Humanity probably isn’t going to prevent Earth from at least temporarily warming 1.5 °C above pre-industrial levels — but aggressive action to curb greenhouse-gas emissions and extract carbon from the atmosphere could limit the increase and bring temperatures back down, according to the latest report from the United Nations Intergovernmental Panel on Climate Change (IPCC). The report makes it clear, however, that the window is rapidly closing, and with it the opportunity to prevent the worst impacts of global warming. Above the 1.5 °C limit — set by the Paris climate agreement in 2015 — the chances of extreme weather and collapsing ecosystems grow.
“The IPCC tells us that we have the knowledge and technology to get this done,” Inger Andersen, executive director of the UN Environment Programme, said at the press conference for the report’s release. “But increased action must begin this year, not next year; this month, not next month; and indeed today, not tomorrow.”
Approved by 195 governments after a marathon negotiating session that ran over schedule by two days, the roughly 2,900-page report focuses on options for curbing emissions and mitigating the impacts of global warming. The document, compiled by hundreds of scientists across 65 countries, is the last of a trilogy comprising the IPCC’s sixth climate assessment. The first two reports cover the underlying science and impacts of climate on humans and ecosystems.
Multiple sources involved in the virtual session told Nature that the negotiations to finalize the report were bogged down as government delegates hashed out perennial arguments over climate mitigation.

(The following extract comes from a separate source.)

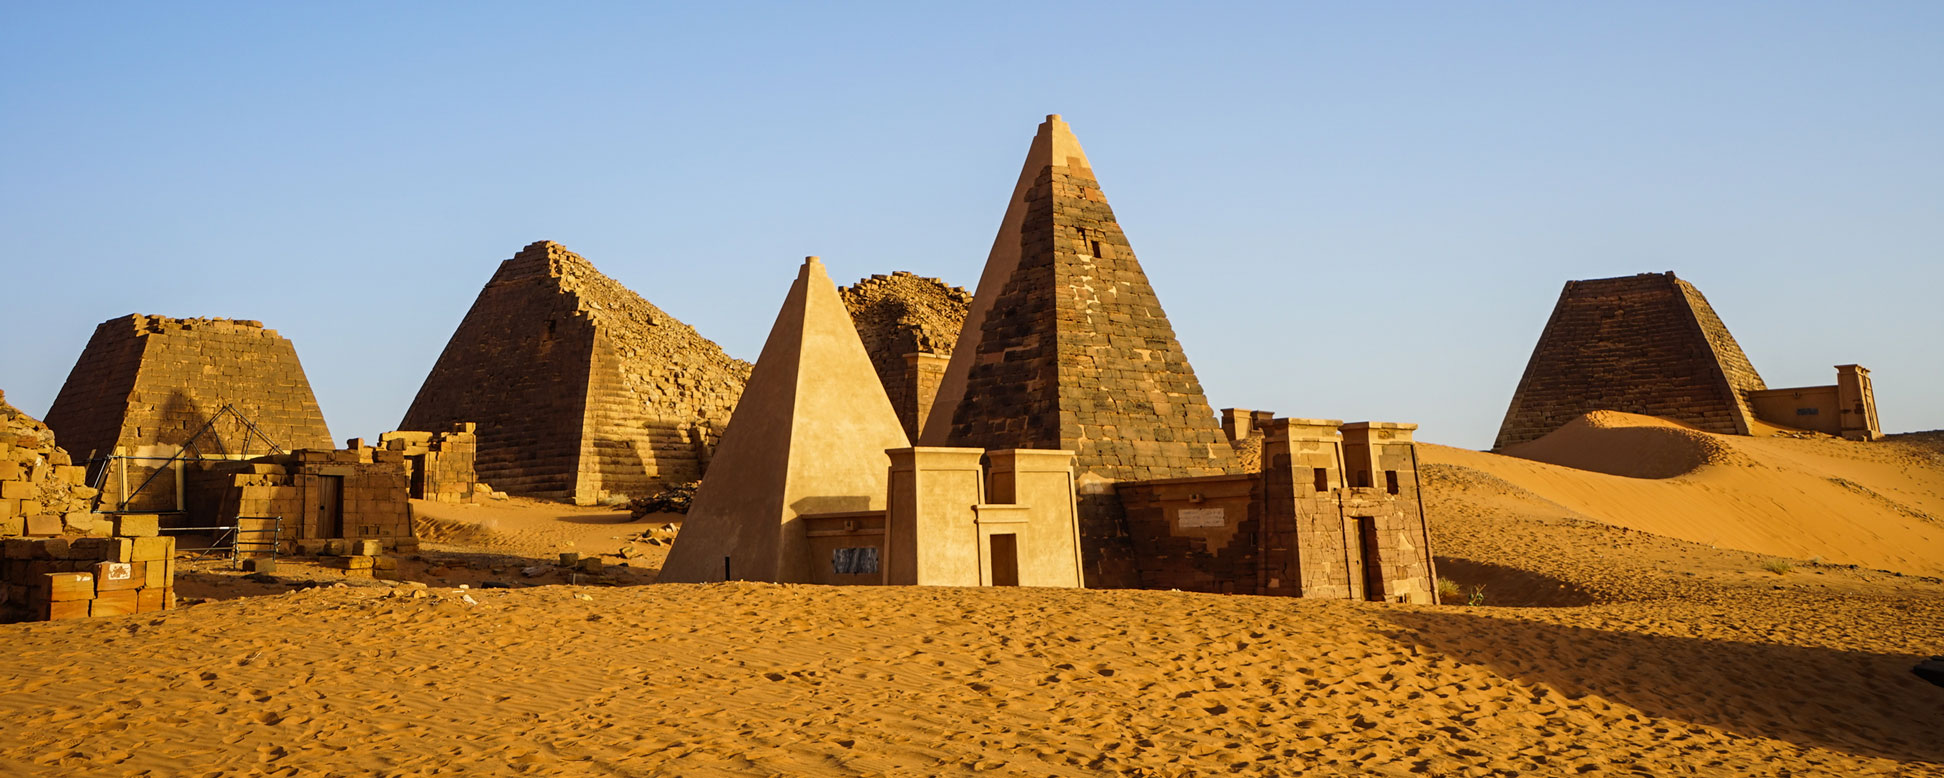 The pyramids of Meroë in Nubia (Sudan.)

In particular, negotiators for India raised questions about emissions scenarios in the report, arguing that they assume too much action on the part of developing countries and do not adequately reflect questions of equity and responsibility. Negotiators for Saudi Arabia scrutinized language related to carbon-capture technologies and the future of fossil fuels. Although these debates pushed the negotiations into overtime, sources say they did not impact the findings or distort the underlying science in the report.
Coming more than three decades after the panel’s first climate assessment, the sixth instalment delivers the most forceful warning yet about the consequences of inaction (see ‘Key points from the report’). The question now, scientists say, is whether governments will at last step up to the challenge with actions rather than unfulfilled pledges.

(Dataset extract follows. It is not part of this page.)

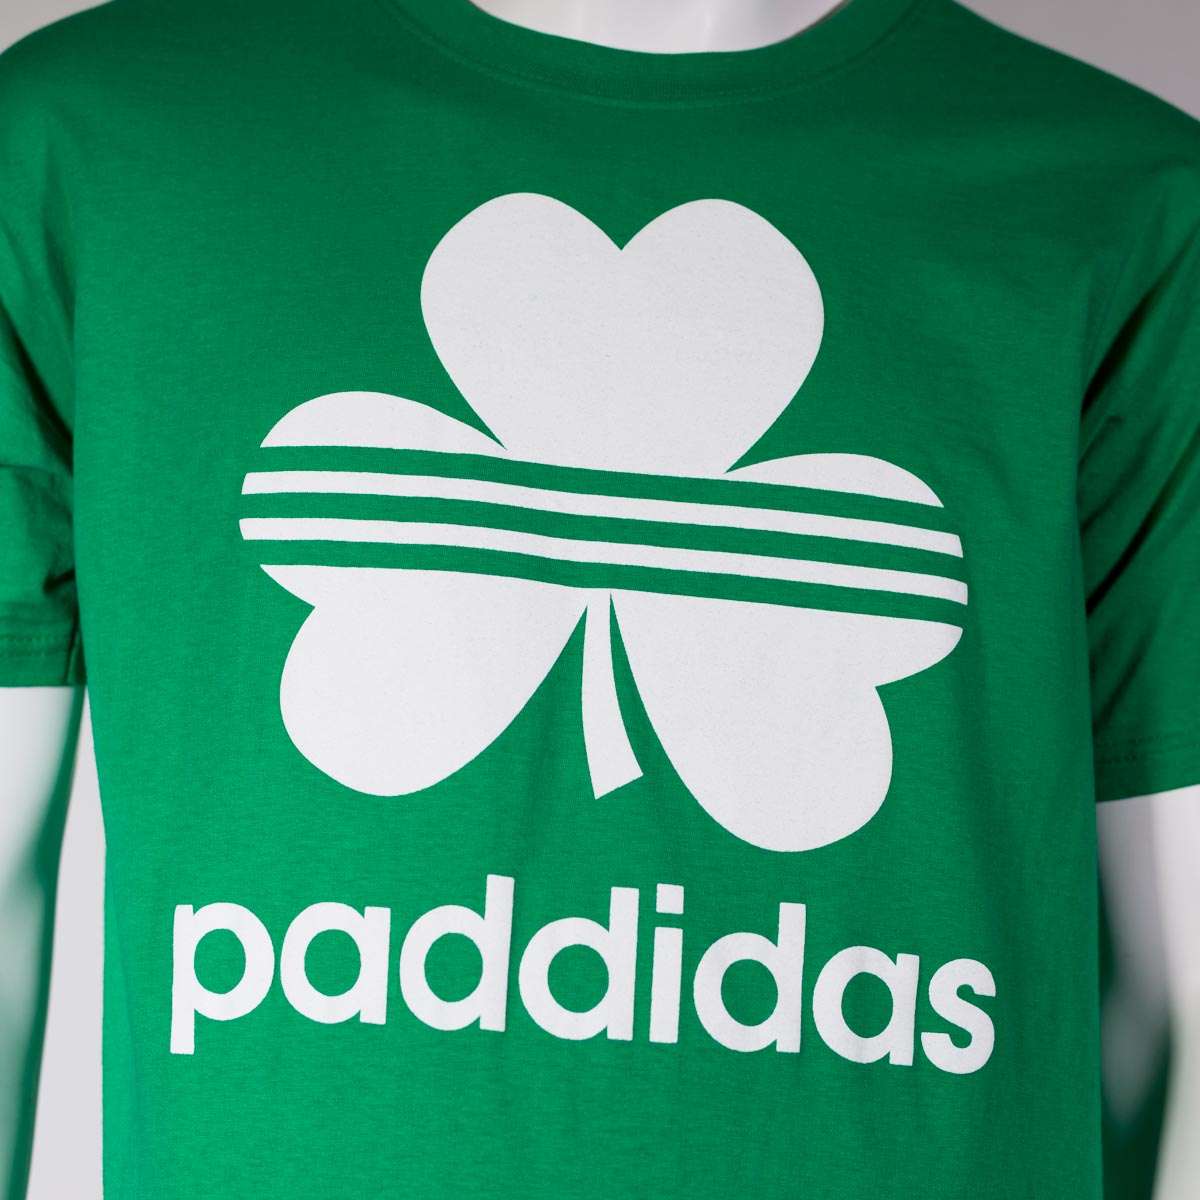 Paddidas Green Shamrock Shirt - Zhivago Gifts

“Despite more mitigation efforts by more governments at all scales, emissions continue to increase,” says Karen Seto, a geographer at Yale University in New Haven, Connecticut, and a coordinating lead author on the report. “We need to do a lot more, and we need to do it quickly.”
The good news and the bad news
The report makes clear that current energy, economic and political trends put the world on course to shoot well past 1.5 °C of warming. Scientists have long been warning of this, but some say it’s time to start thinking about what that means in terms of climate strategy.
“I think we are getting closer politically to a situation where we seriously have to ask how we are going to deal with that overshoot,” says Oliver Geden, a social scientist with the German Institute for International and Security Affairs in Berlin and a lead author on the report. Although it still might be technically possible to limit warming to 1.5 °C, he says, the actions required would be unprecedented.
But the report provides reason for optimism by highlighting climate technologies and policies that are already driving emissions down in many countries. The immediate goal is to accelerate those efforts and ramp up climate finance to ensure that it’s a truly global effort, says Nathaniel Keohane, president of the Center For Climate and Energy Solutions, an environmental think tank in Arlington, Virginia, and a White House adviser under former US president Barack Obama. Longer term, governments need to invest in research and development activities to explore the feasibility of carbon-removal technologies that could help to bend the curve in decades to come.
“It’s a Herculean effort, and so we better get started,” Keohane says.